** Opening Task material block **

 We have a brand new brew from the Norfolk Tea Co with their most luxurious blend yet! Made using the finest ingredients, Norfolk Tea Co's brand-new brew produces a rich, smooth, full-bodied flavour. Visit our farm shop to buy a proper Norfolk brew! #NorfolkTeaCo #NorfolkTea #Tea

** Closing Task material block **
** Opening Task material block **

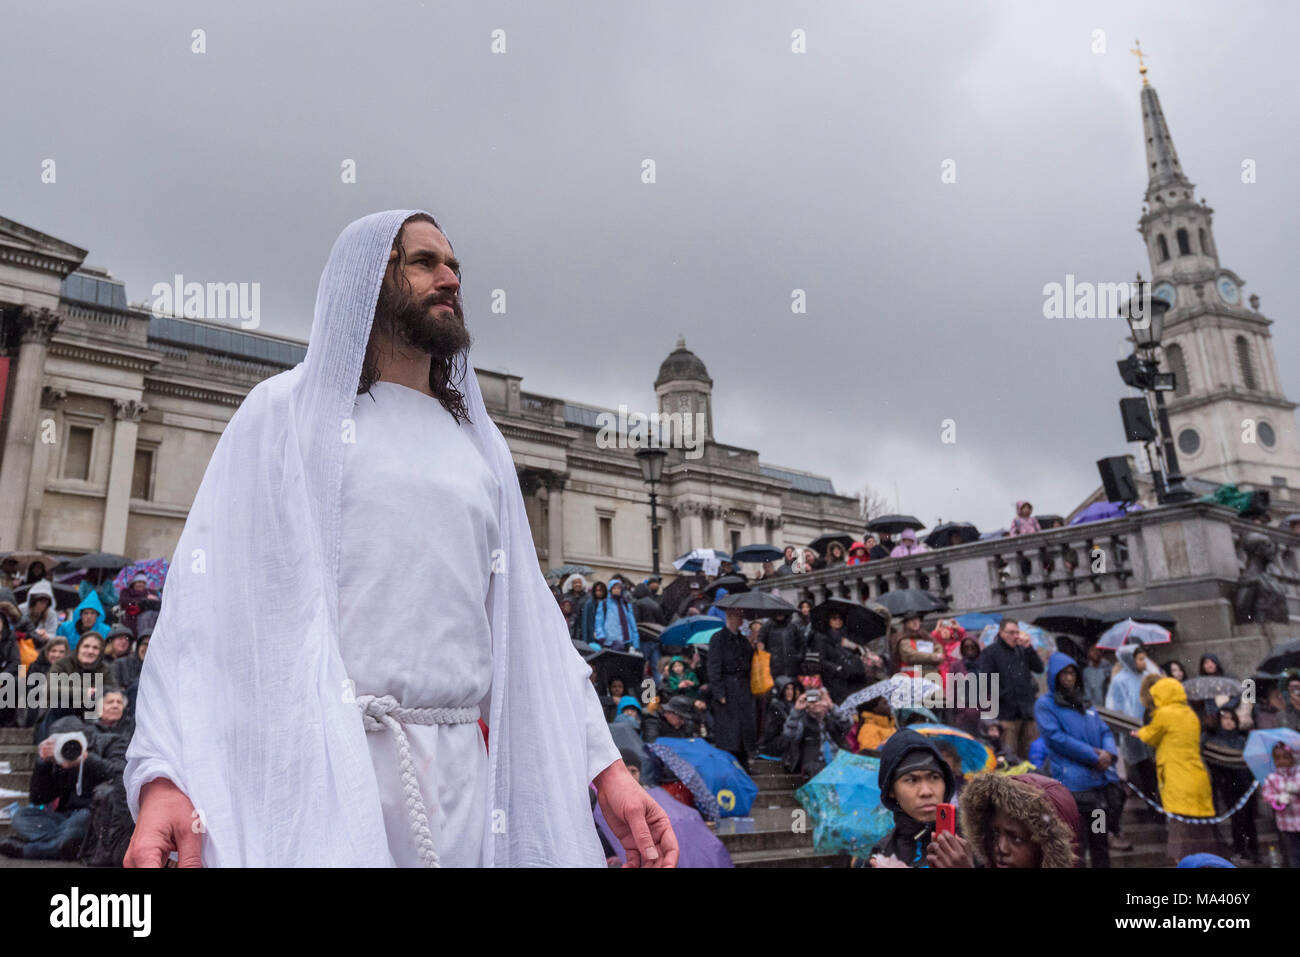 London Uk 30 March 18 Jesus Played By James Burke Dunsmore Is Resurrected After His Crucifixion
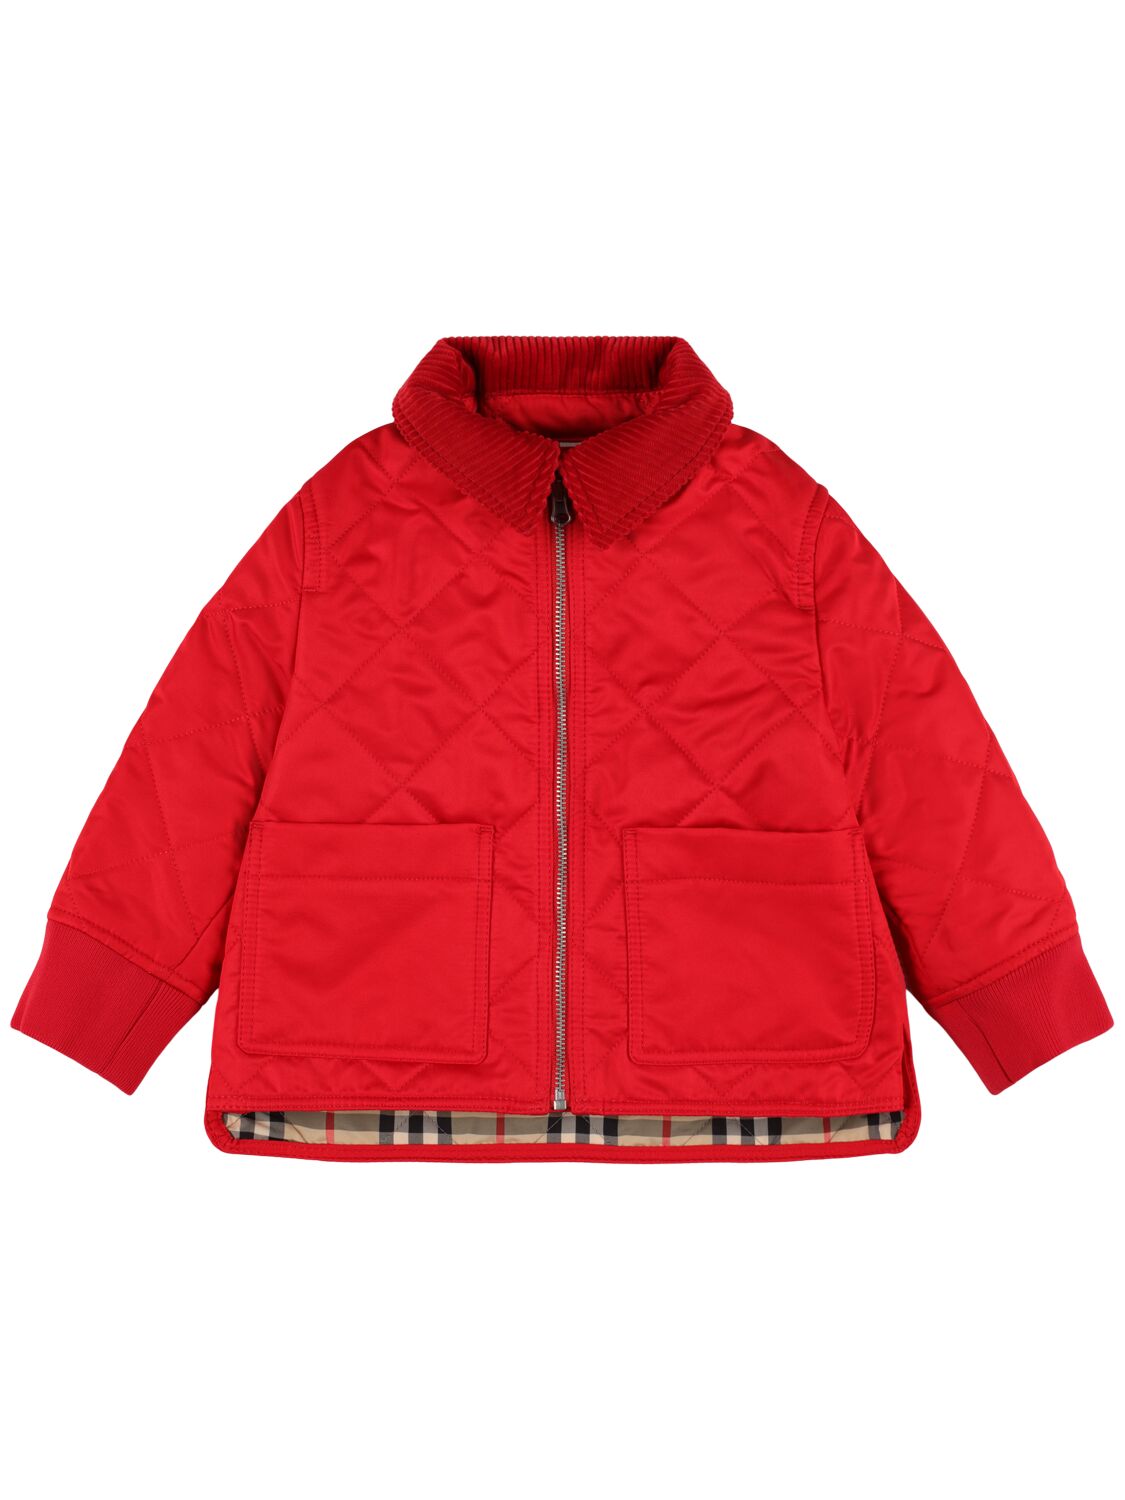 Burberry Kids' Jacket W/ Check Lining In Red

** Closing Task material block **

Write back word for word every line in the entries above from the one with "London Uk 30" to the one with "Burberry Kids' Jacket W/ Check Lining In Red", ends included, and none of the pictures.

 London Uk 30 March 18 Jesus Played By James Burke Dunsmore Is Resurrected After His Crucifixion
 Burberry Kids' Jacket W/ Check Lining In Red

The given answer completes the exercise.